Logstach is a pipeline for dynamic data collection. It mainly filters and analyses data and formats it into ES.
Here a data stream is formed, the preferred is Beats, followed by Logstach, followed by ES, followed by kibana, so the technology stack is very perfect. There are many components in beats series, such as collecting network data, collecting log files, collecting windos events, collecting running time. elk stack can not only collect data logs, but also collect performance resource indicators, such as CPU, memory and network. Filebeat is mainly used here. Collect log files. Monitoring is done professionally, such as prometheus.
In other words, how do I collect the logs of containers?
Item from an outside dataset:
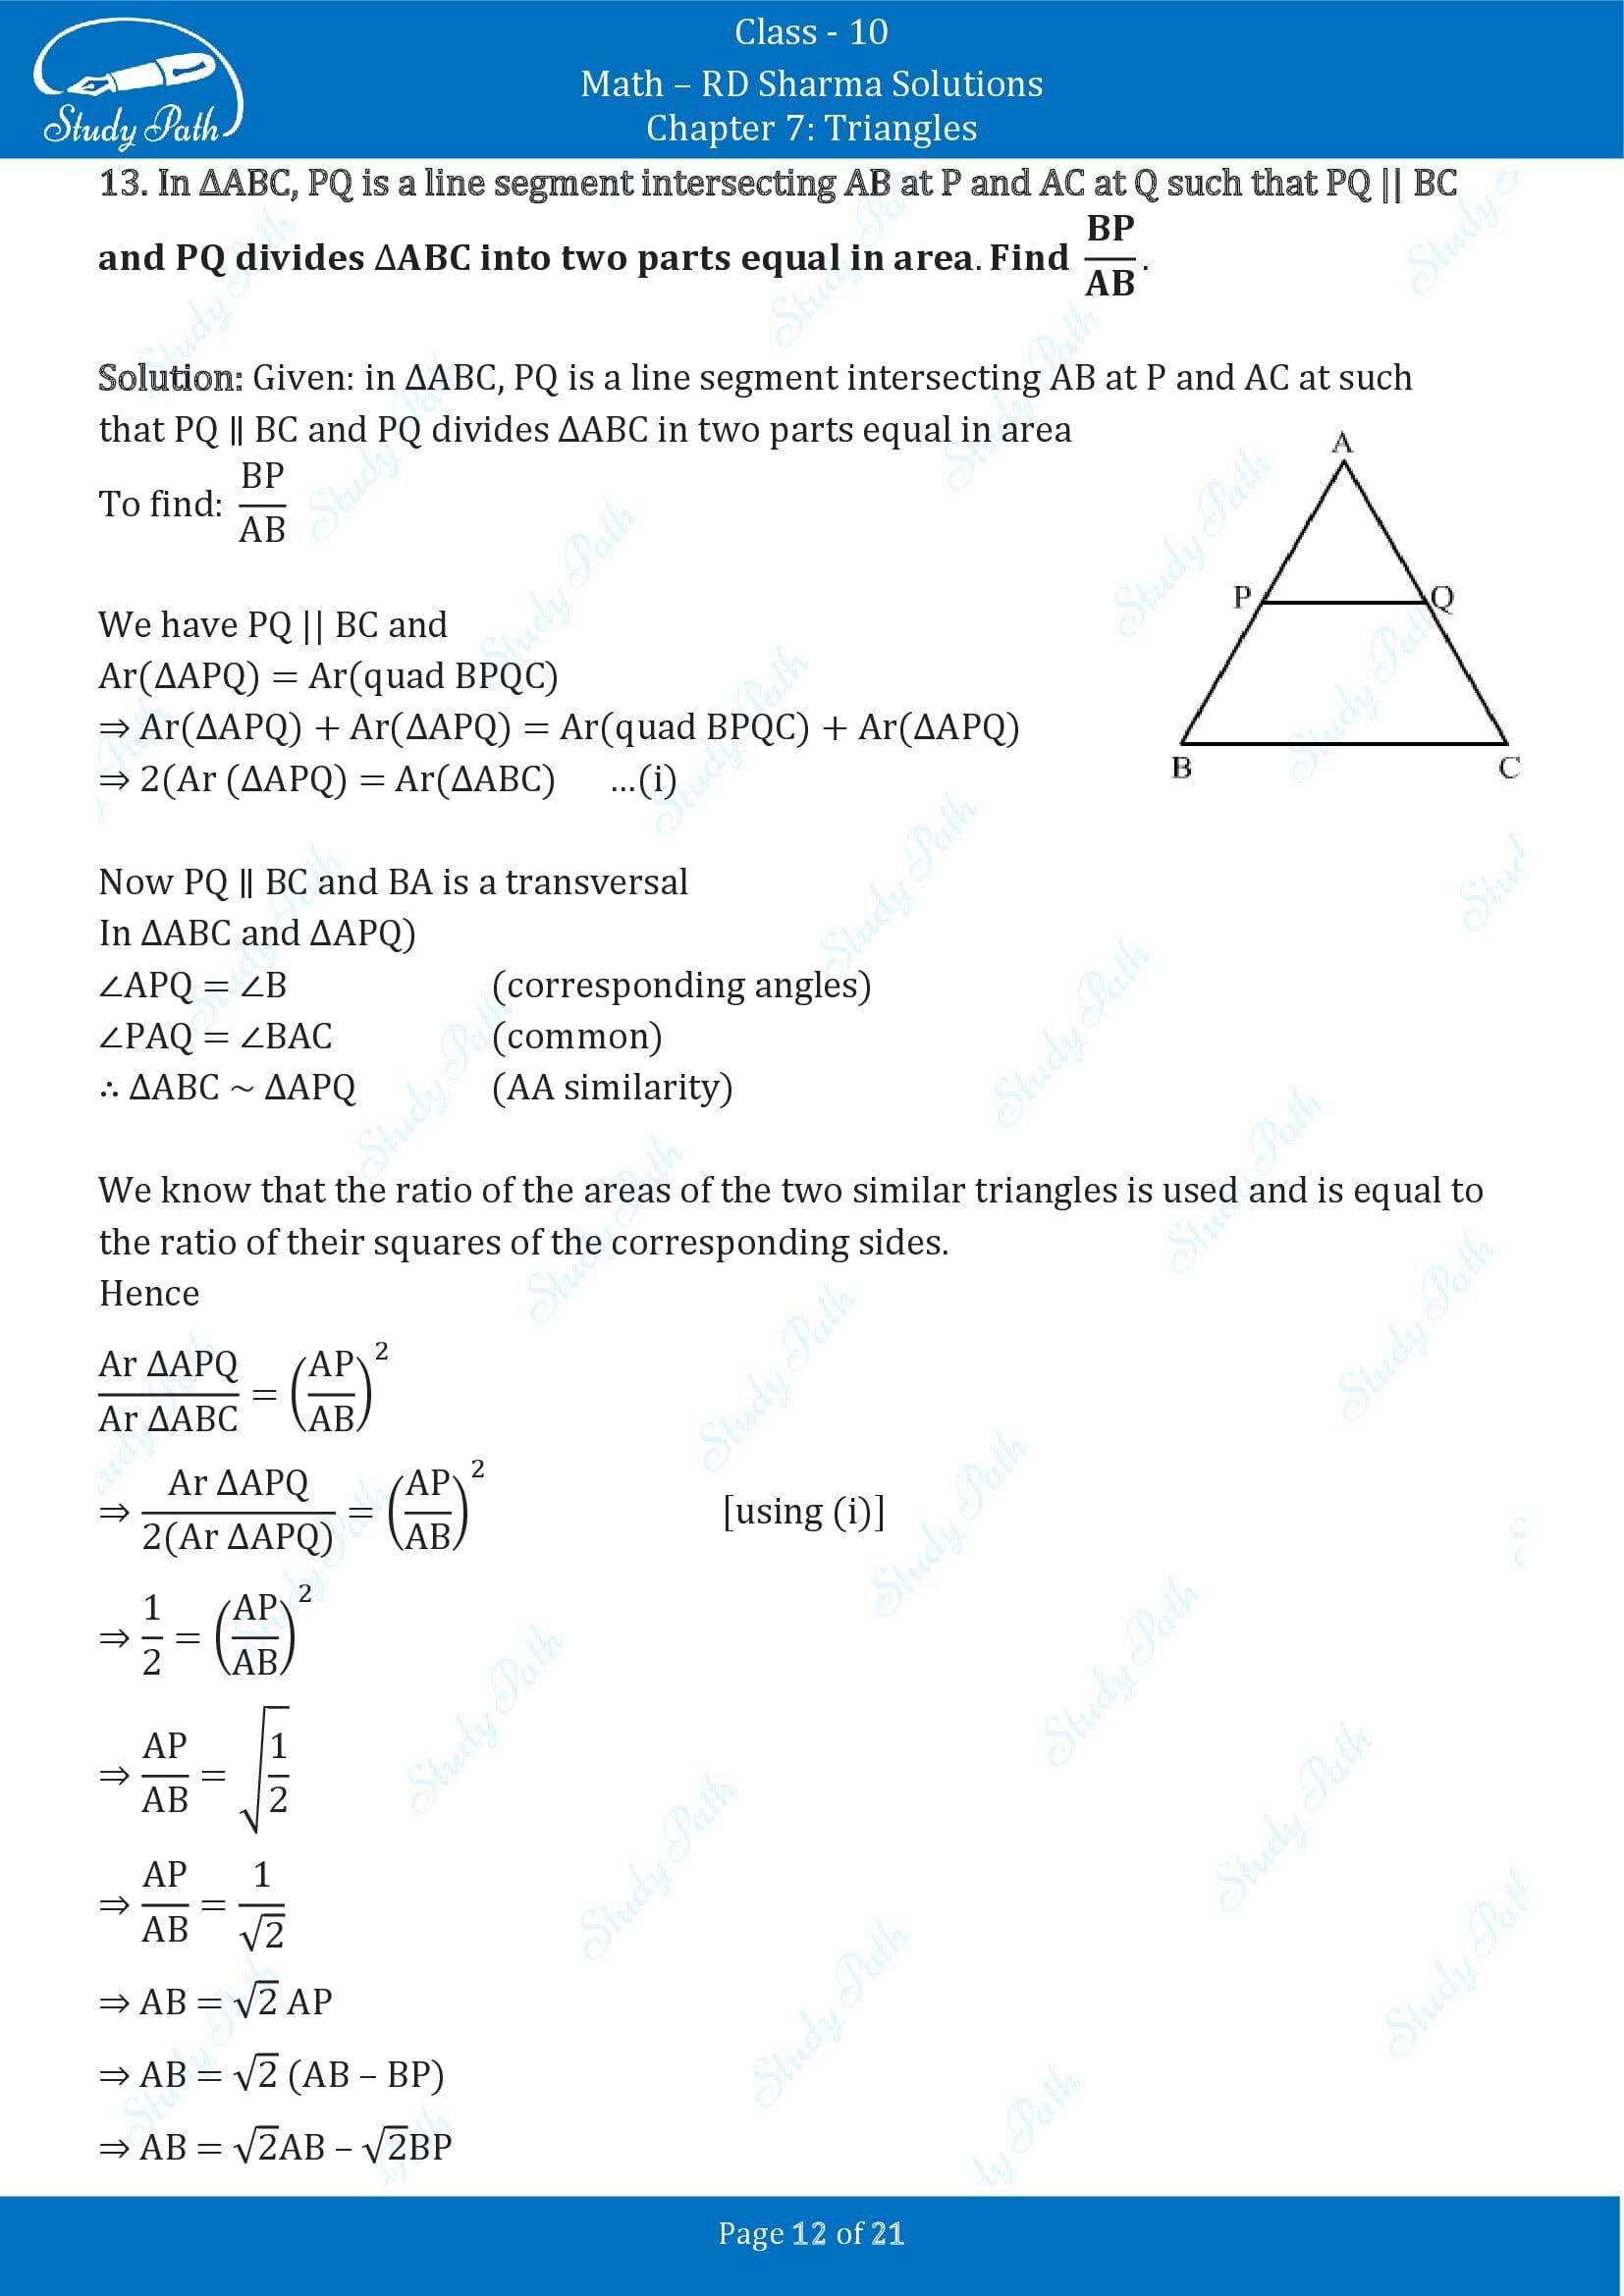 RD Sharma Solutions Class 10 Chapter 7 Triangles Exercise 7.6 00012

Solution 1: Deploy a log collector on Node
Deploy the log collector in DaemonSet mode
For this node / var/log and / var/lib/docker/containers/
Log collection in two directories
Container log directories in Pod are mounted on the host unified directory
That is my-pod is the container, and then the standard input and output is to the console. In time, this is taken over by docker, and it falls into a specific file. docker will take over the standard output and standard error output, and then write to a log, where a log collection agent will be set up to collect the log, and this is the case. A diagram, which roughly means that you deploy a log collector on each node, and then collect pod logs. The directory of standard input and output, by default, is under / var/lib/docker/containers / This is the read and write layer running the current container, which contains a log, usually mounted to the distribution. It's not very convenient to mount to the host's directory, and it's necessary to distinguish all the containers. If you use distributed storage, such as a pod, to store the volume of the log directly,
It's better to mount it in the startup container in the container, and hang the volume on each one, and eventually fall on it.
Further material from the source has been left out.